Leave out the pictures and return every entry exactly as it appears.

:: Records supplied ::

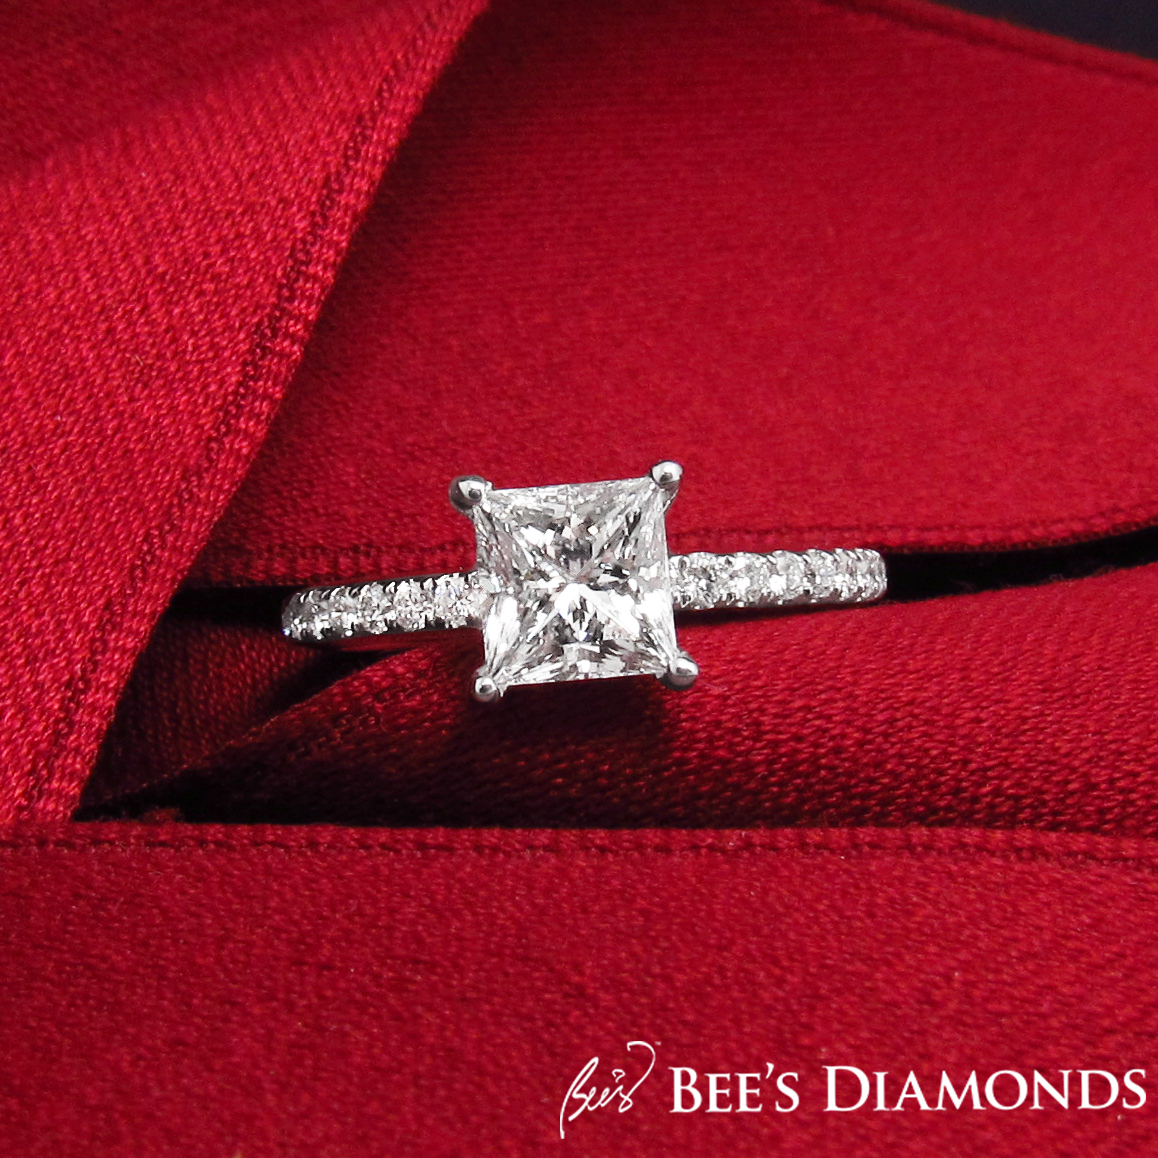 Princess cut engagement diamond ring | Bee's Diamonds
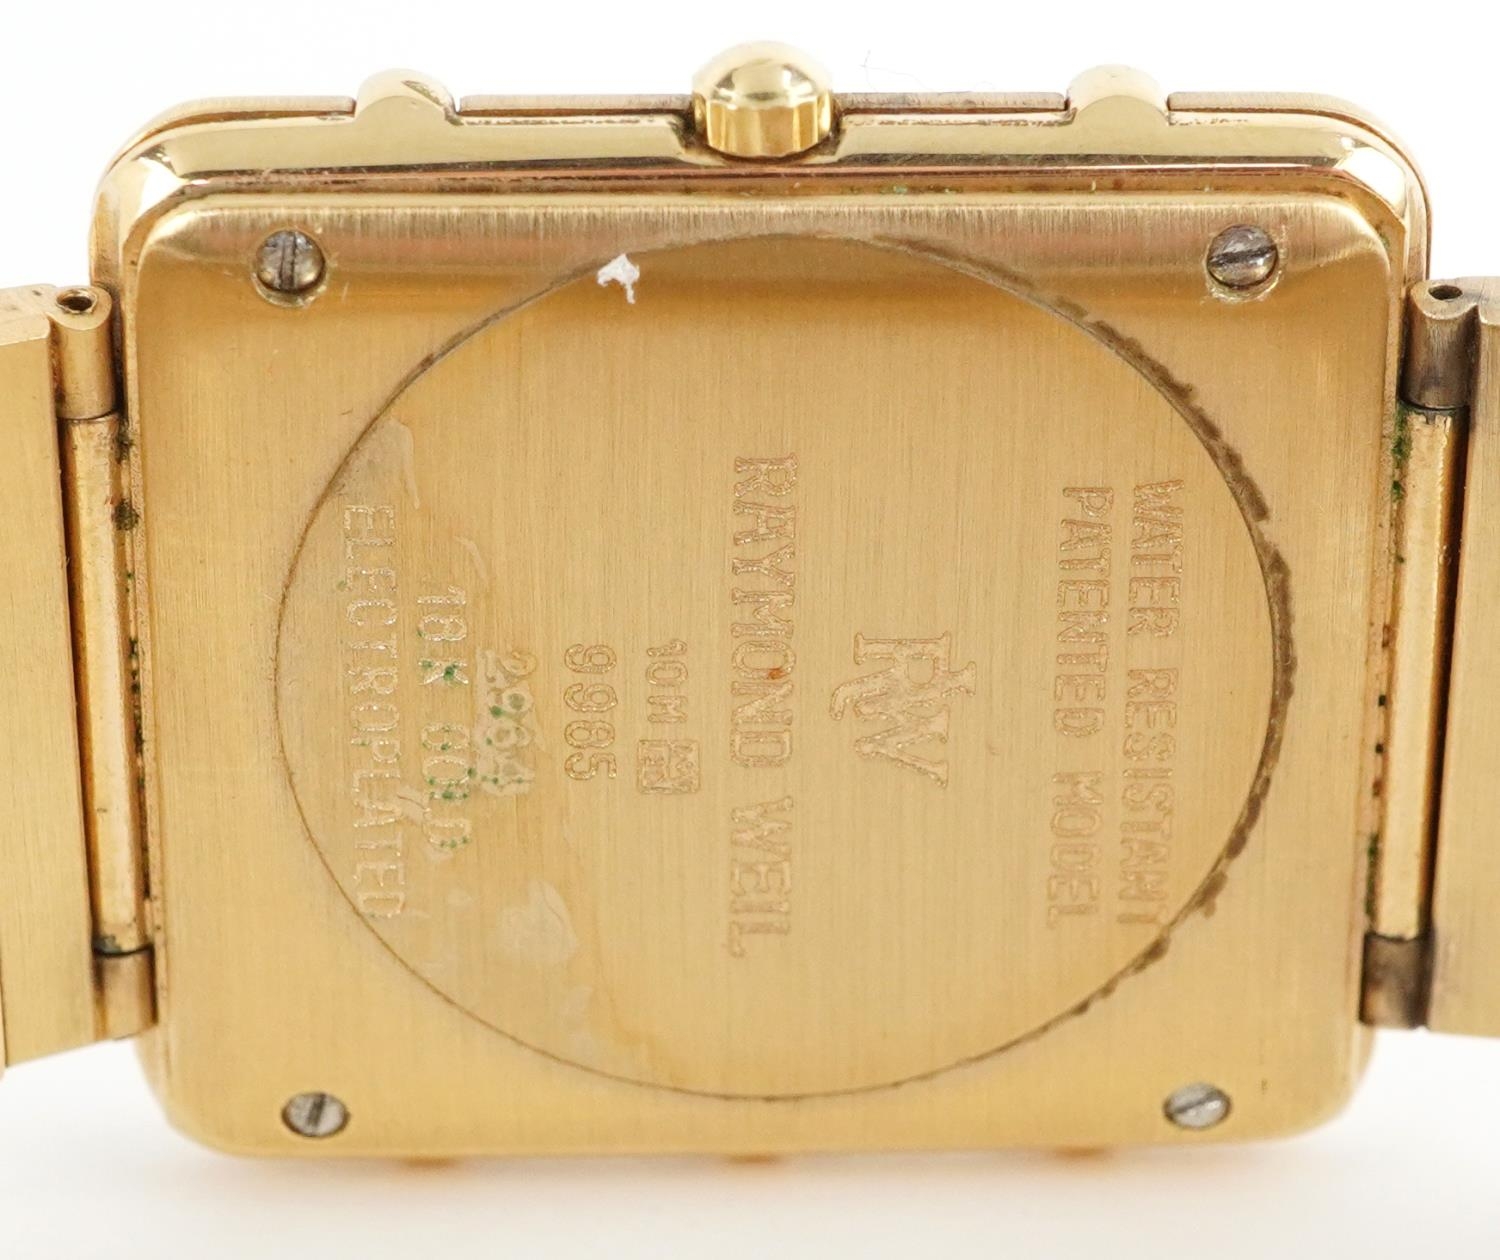 Raymond Weil, gentlemen's 18K gold plated Raymond Weil Colosseum quartz wristwatch with date - Image 4 of 7
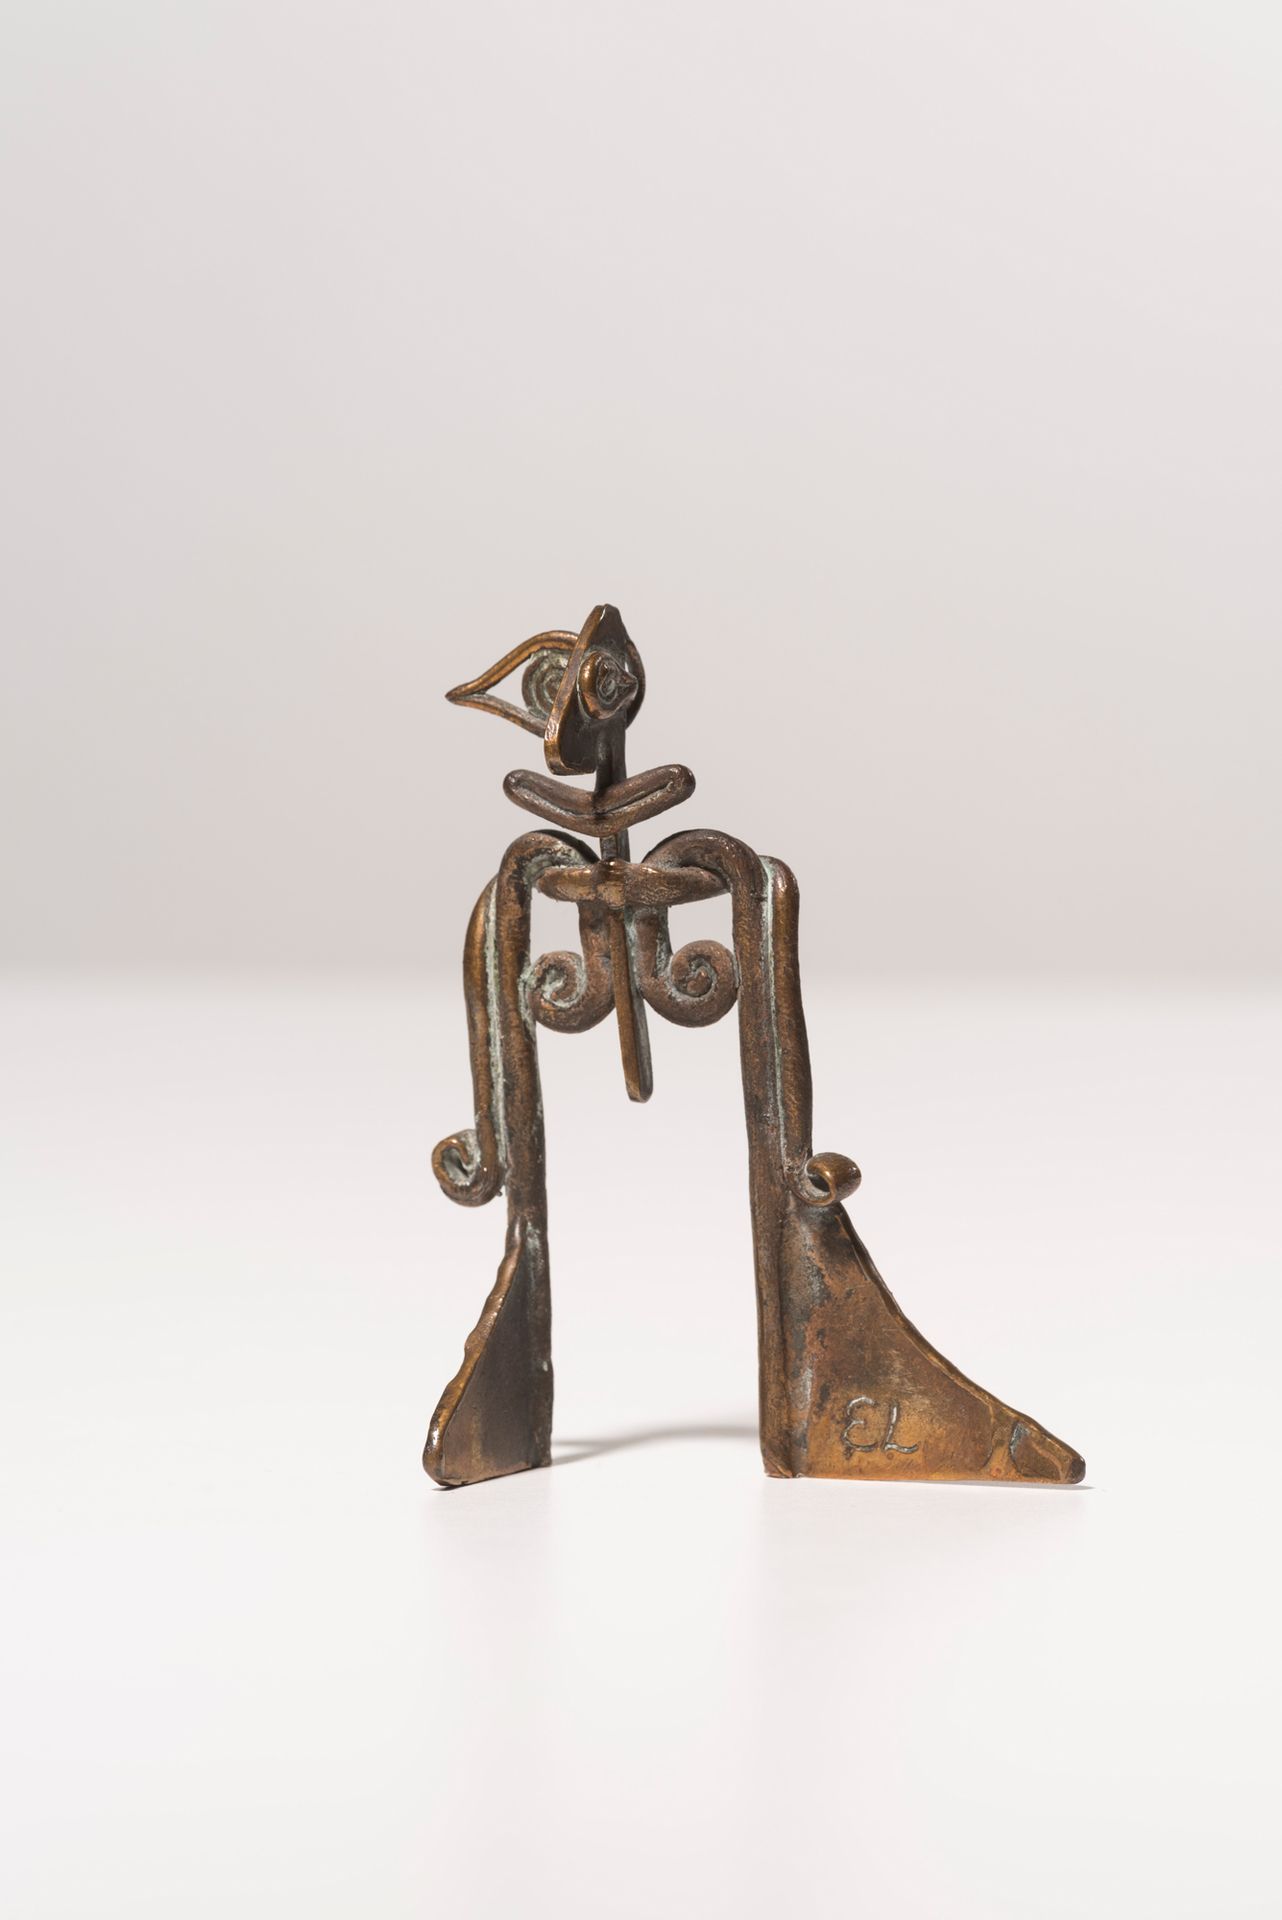 OLIVIER LELOUP (1951-2000) Hommage à Picasso.
Bronze. Monogrammé. 
Brons. Een mo&hellip;

:::

● Answer below
 Princess cut engagement diamond ring | Bee's Diamonds
 Raymond Weil, gentlemen's 18K gold plated Raymond Weil Colosseum quartz wristwatch with date - Image 4 of 7
 OLIVIER LELOUP (1951-2000) Hommage à Picasso.
Bronze. Monogrammé. 
Brons. Een mo&hellip;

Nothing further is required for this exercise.